**Task details**
Only the pictures should be left out; repeat the rest of the data exactly.

**Information provided**
^^^^^^^^

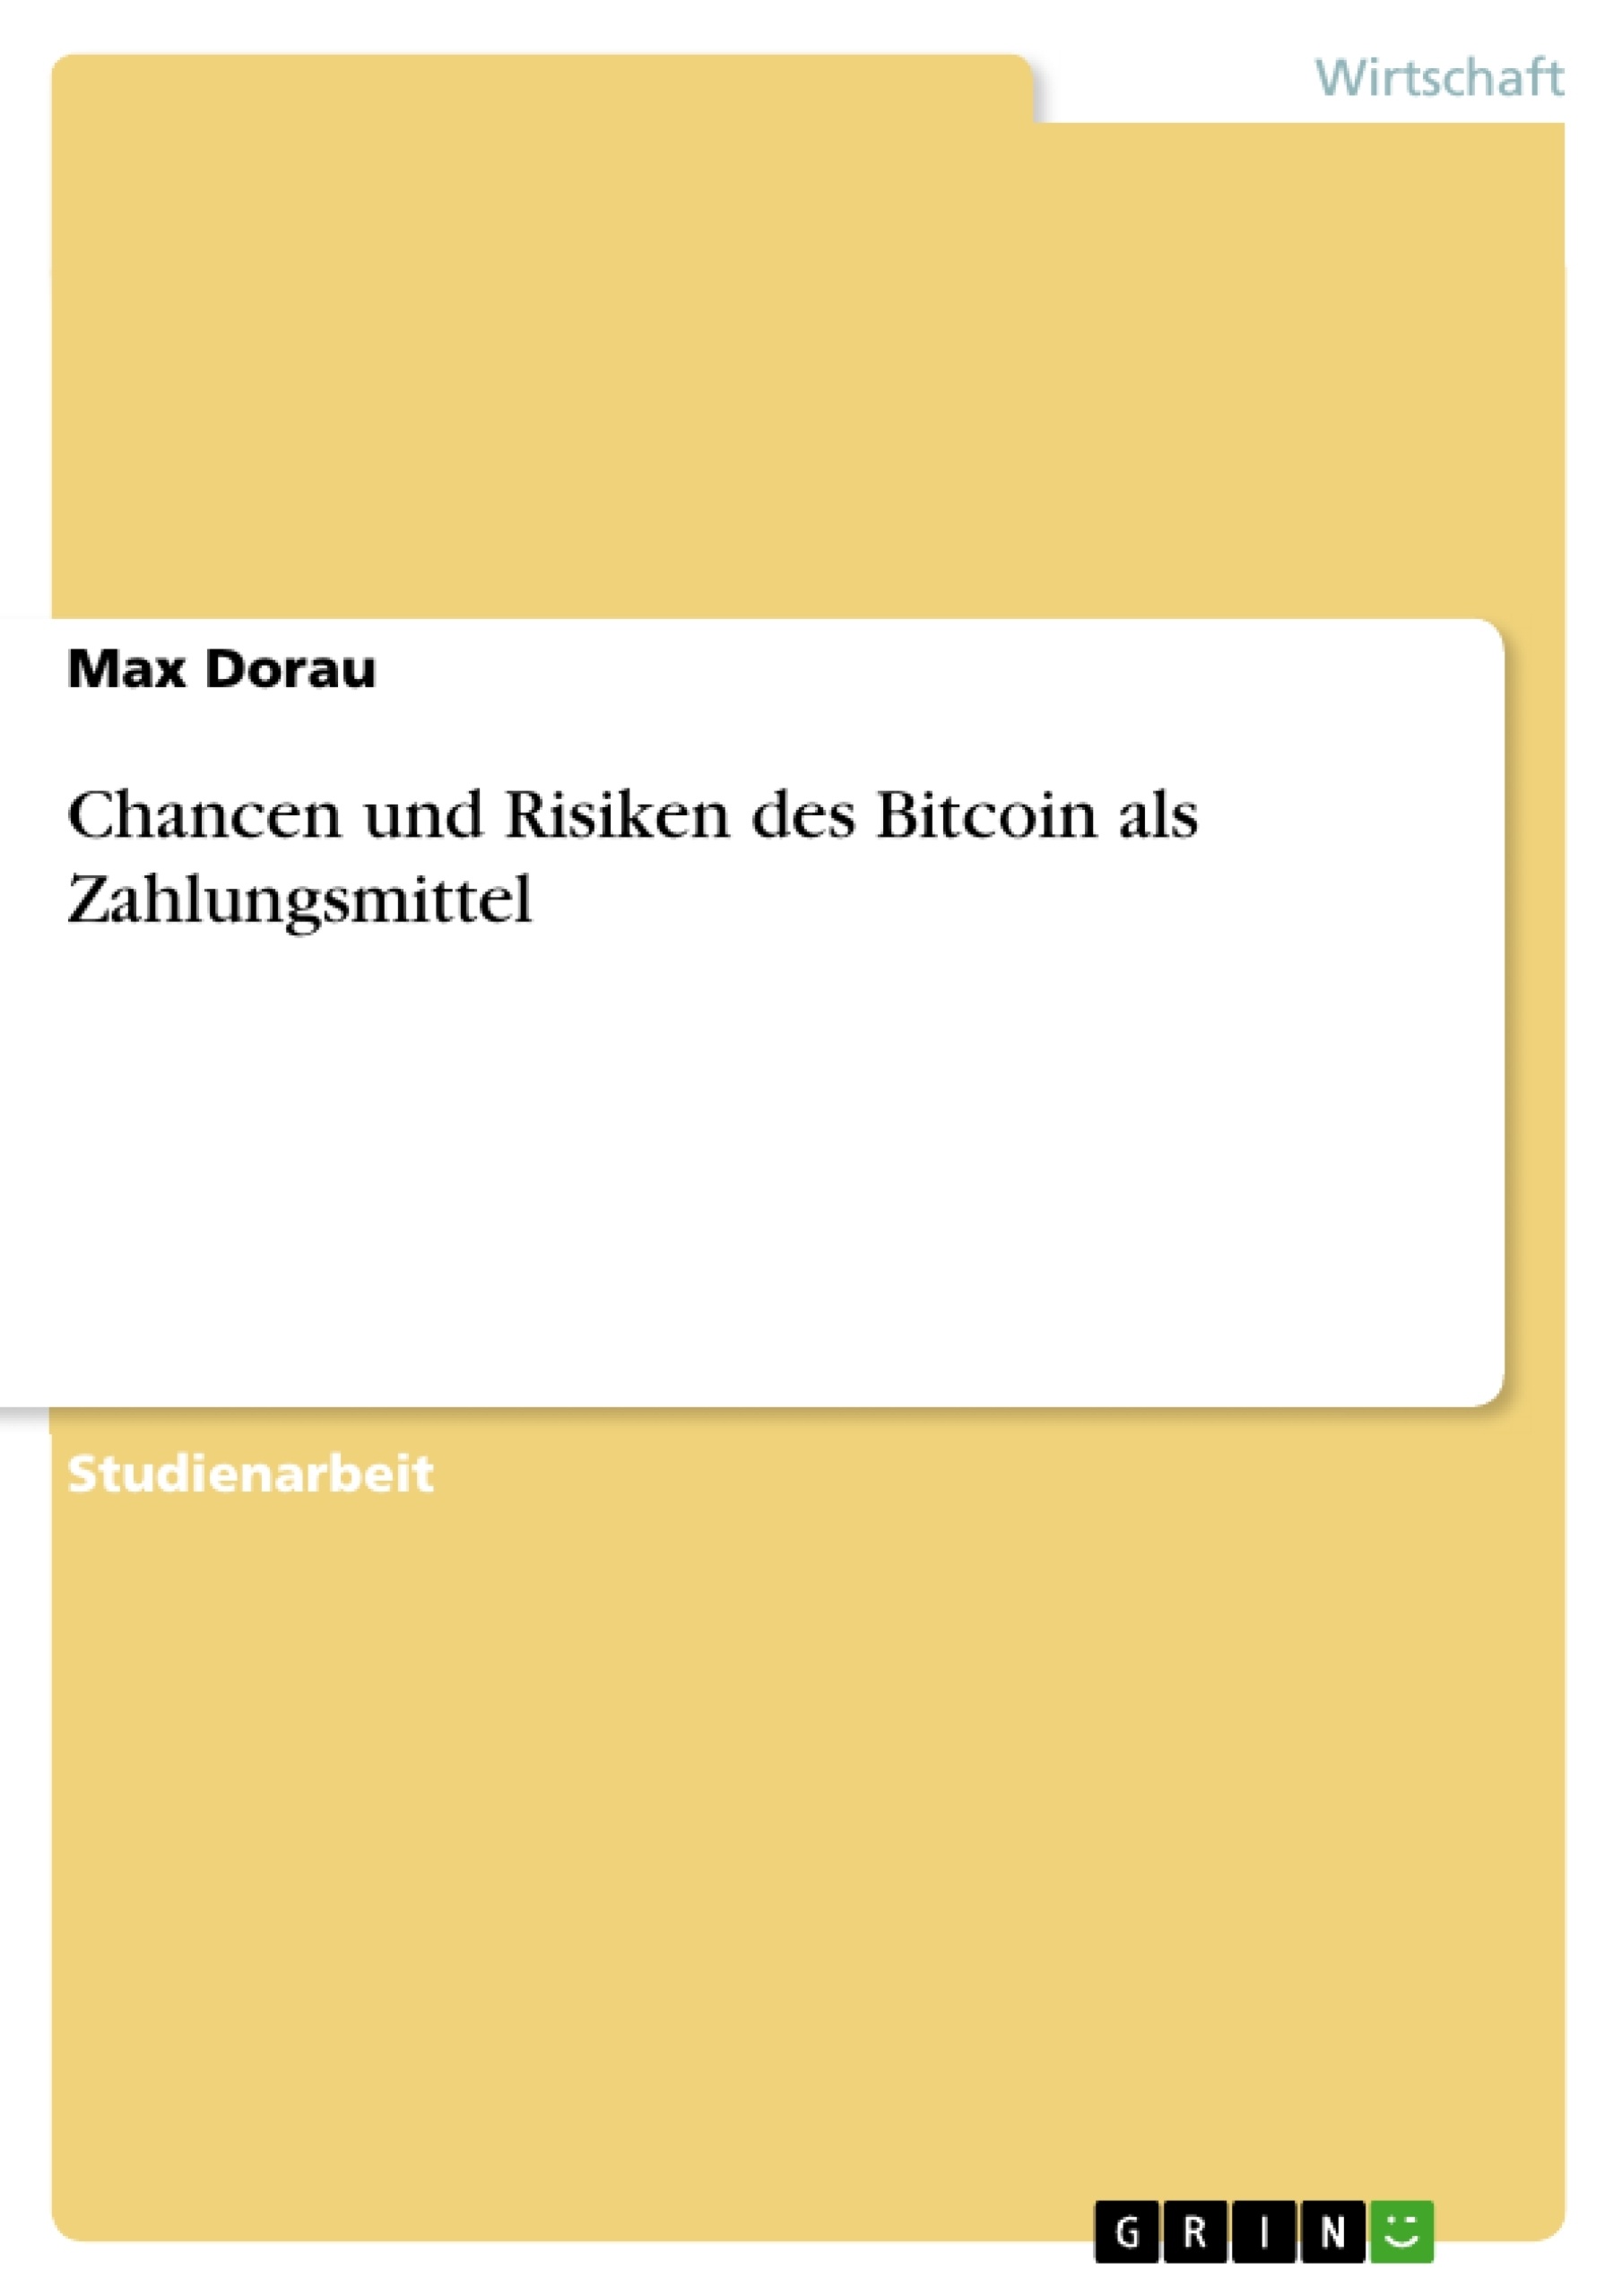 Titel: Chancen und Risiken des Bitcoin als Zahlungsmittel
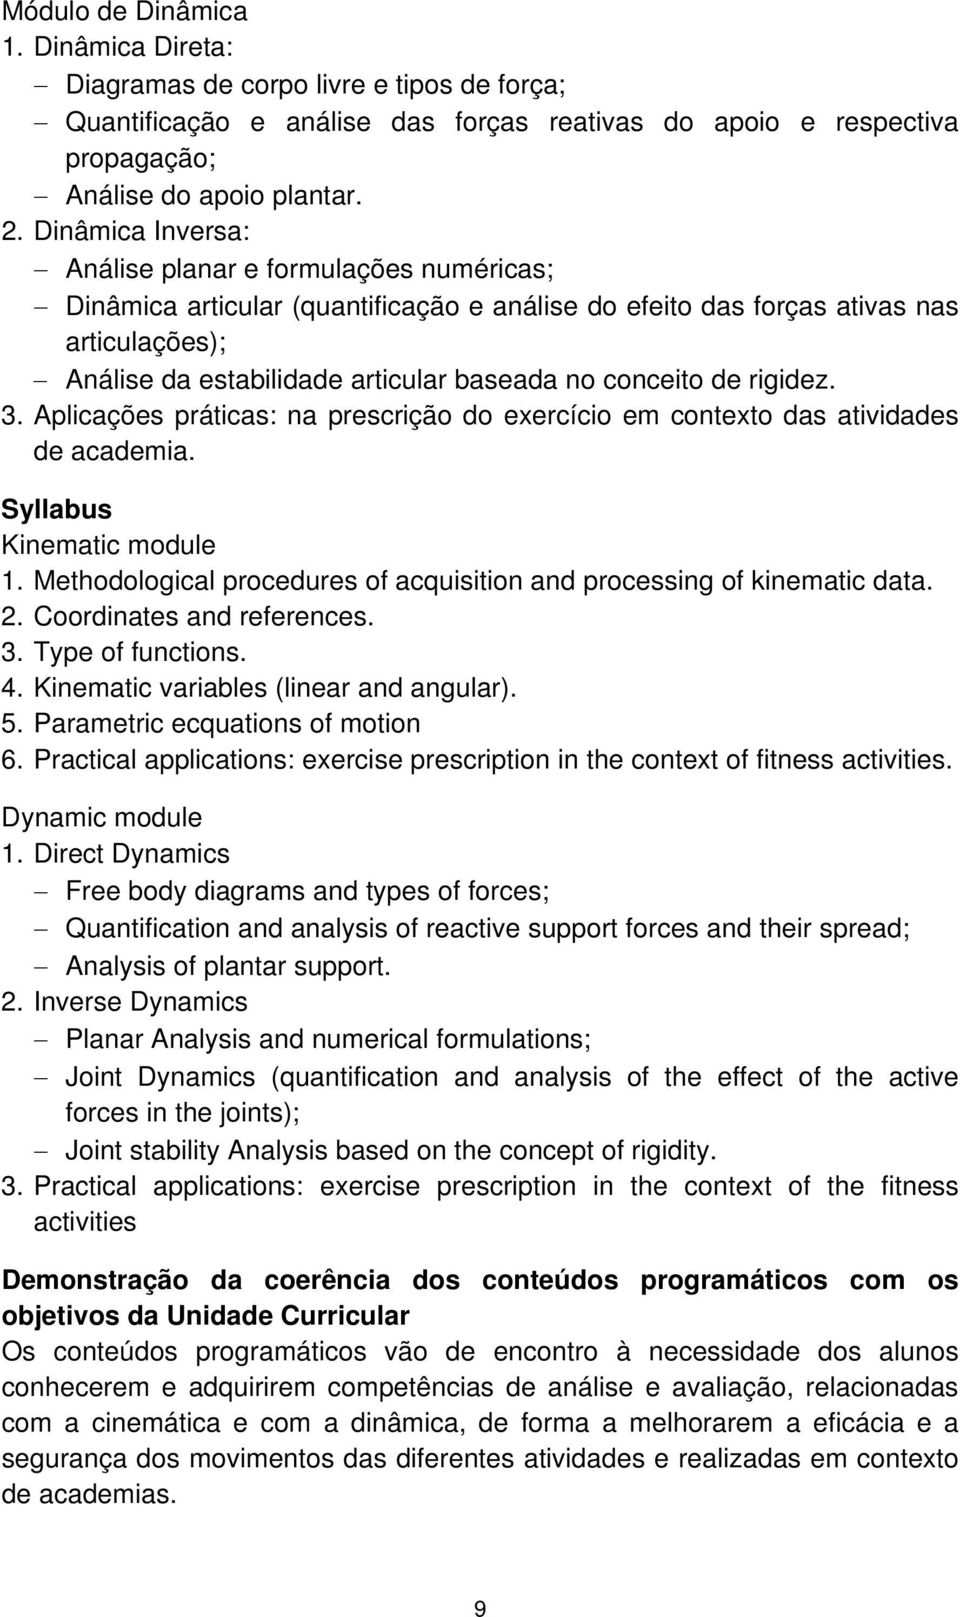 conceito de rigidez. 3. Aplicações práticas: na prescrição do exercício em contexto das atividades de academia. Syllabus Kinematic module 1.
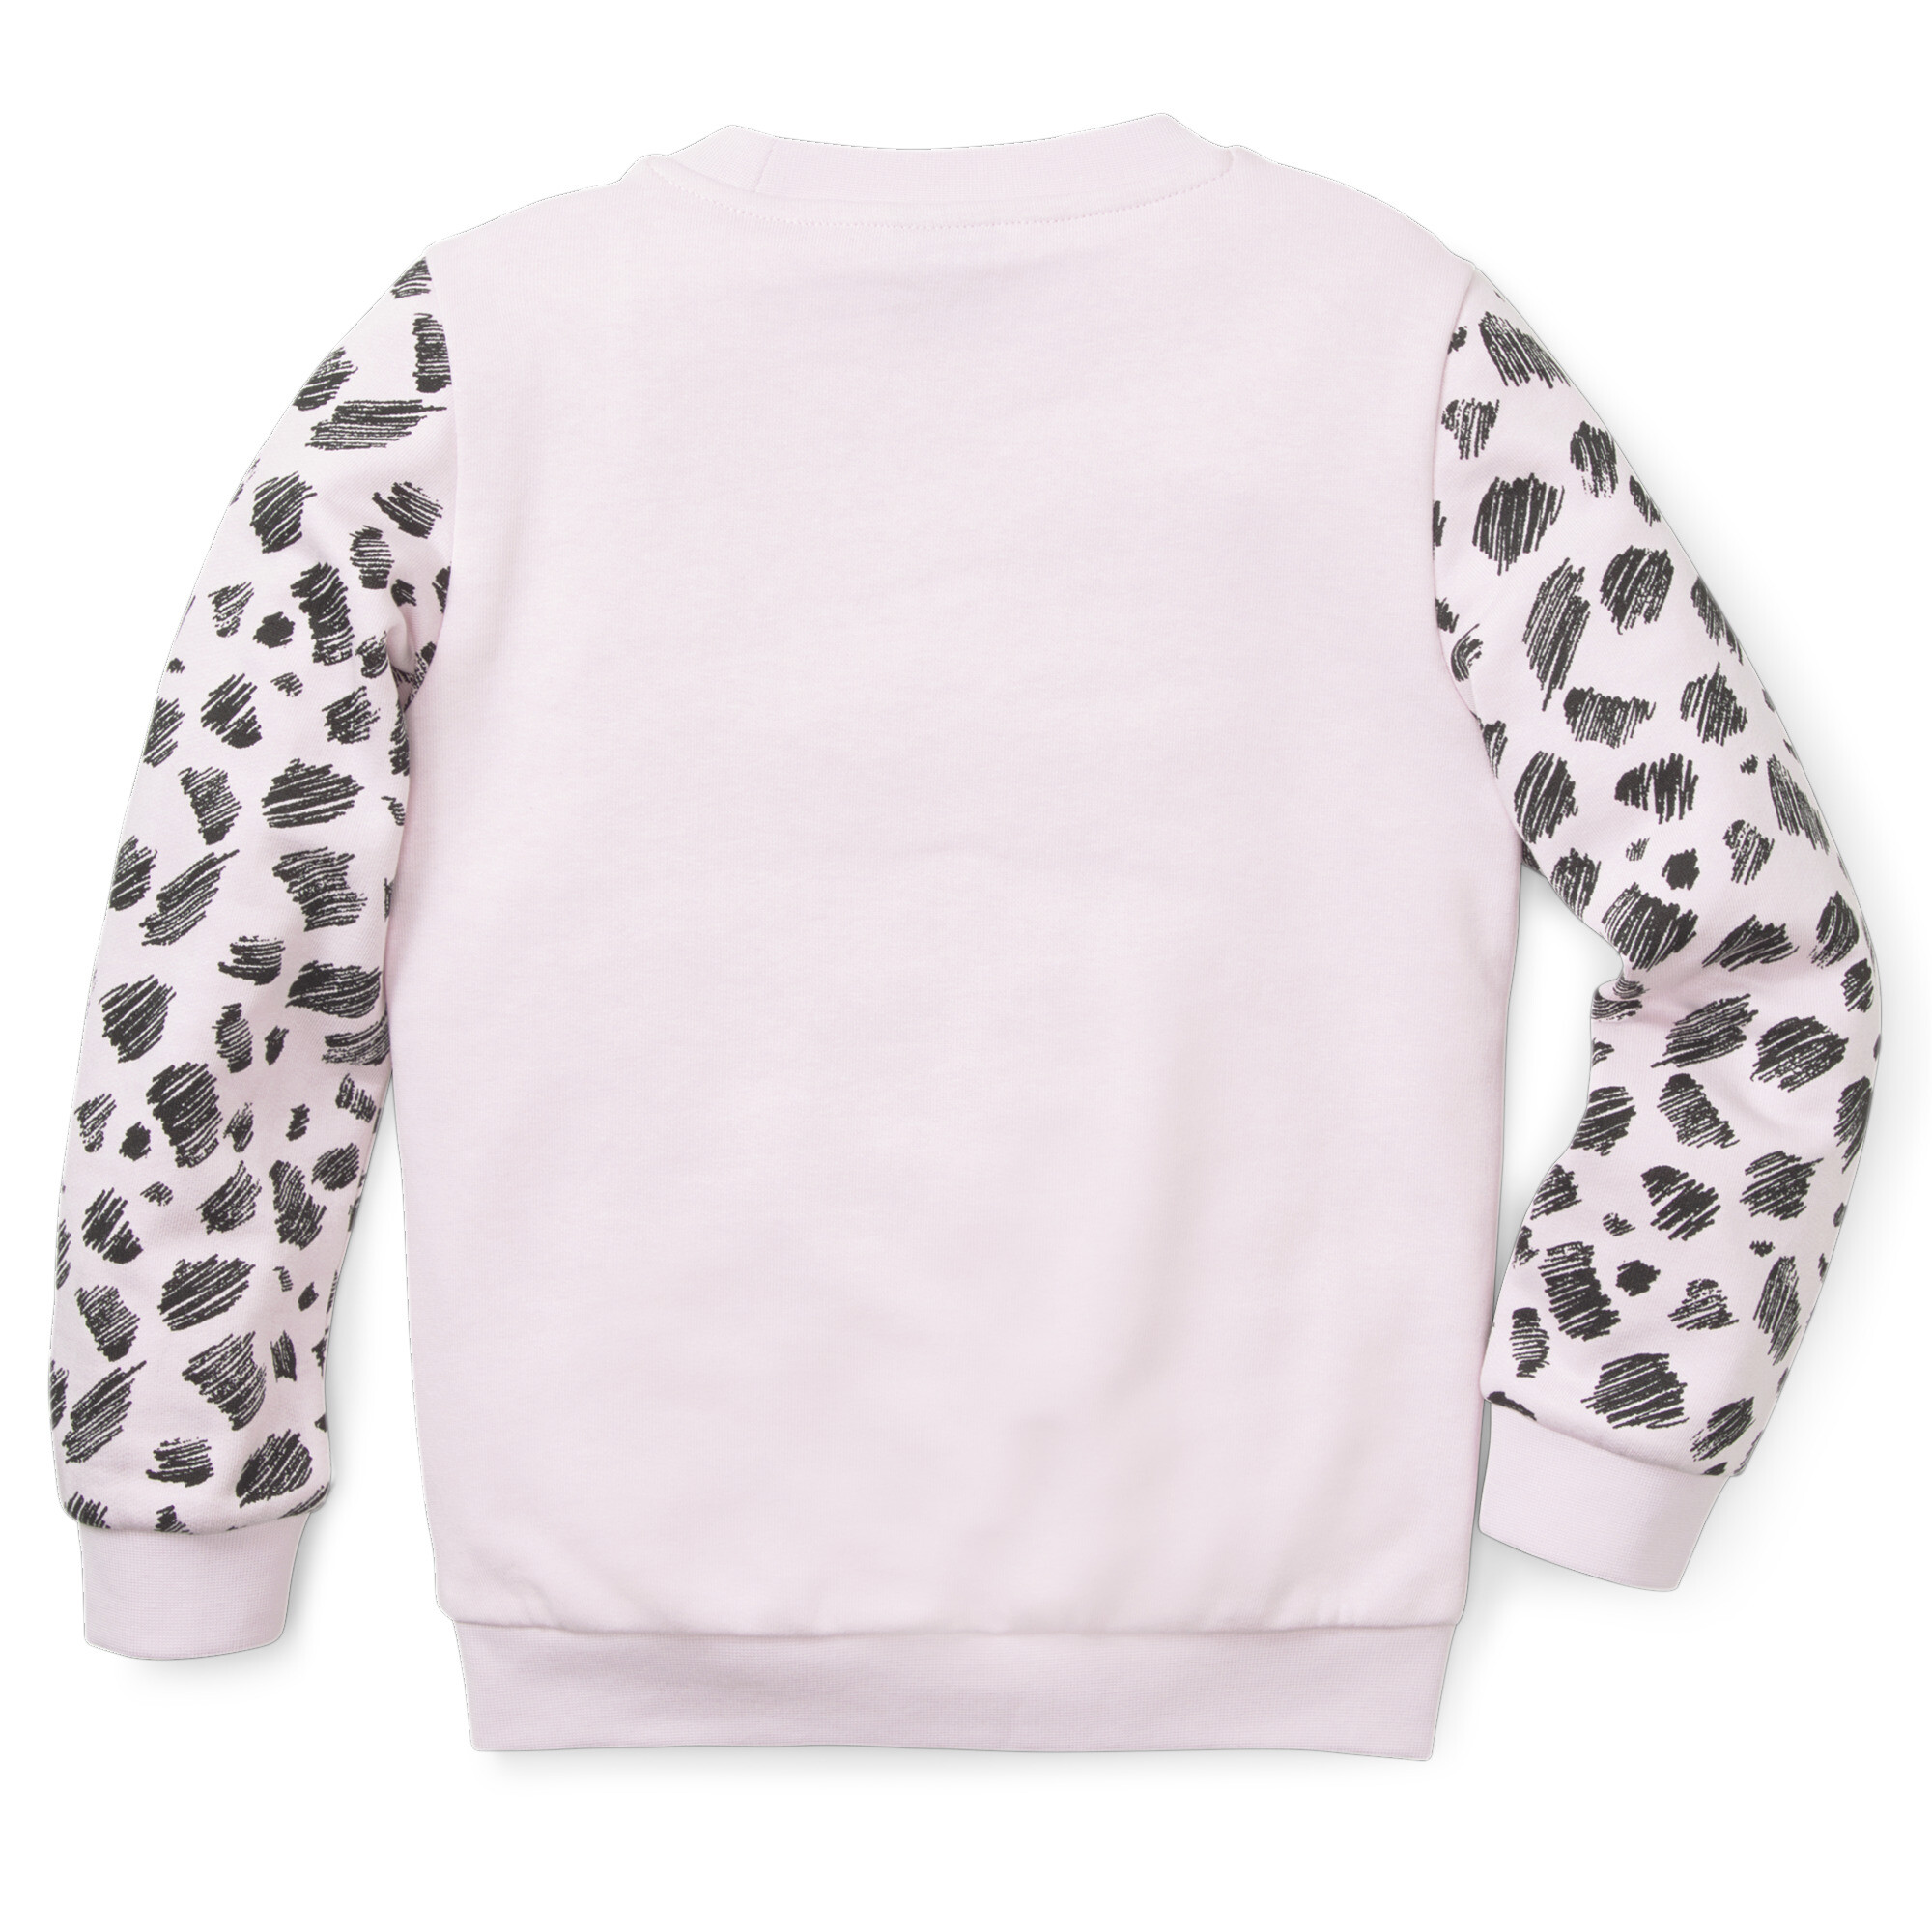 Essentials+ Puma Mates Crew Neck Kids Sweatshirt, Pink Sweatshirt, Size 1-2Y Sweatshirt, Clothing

^^^^^^^^

**Your solution**
 Titel: Chancen und Risiken des Bitcoin als Zahlungsmittel
 conceito de rigidez. 3. Aplicações práticas: na prescrição do exercício em contexto das atividades de academia. Syllabus Kinematic module 1.
 Essentials+ Puma Mates Crew Neck Kids Sweatshirt, Pink Sweatshirt, Size 1-2Y Sweatshirt, Clothing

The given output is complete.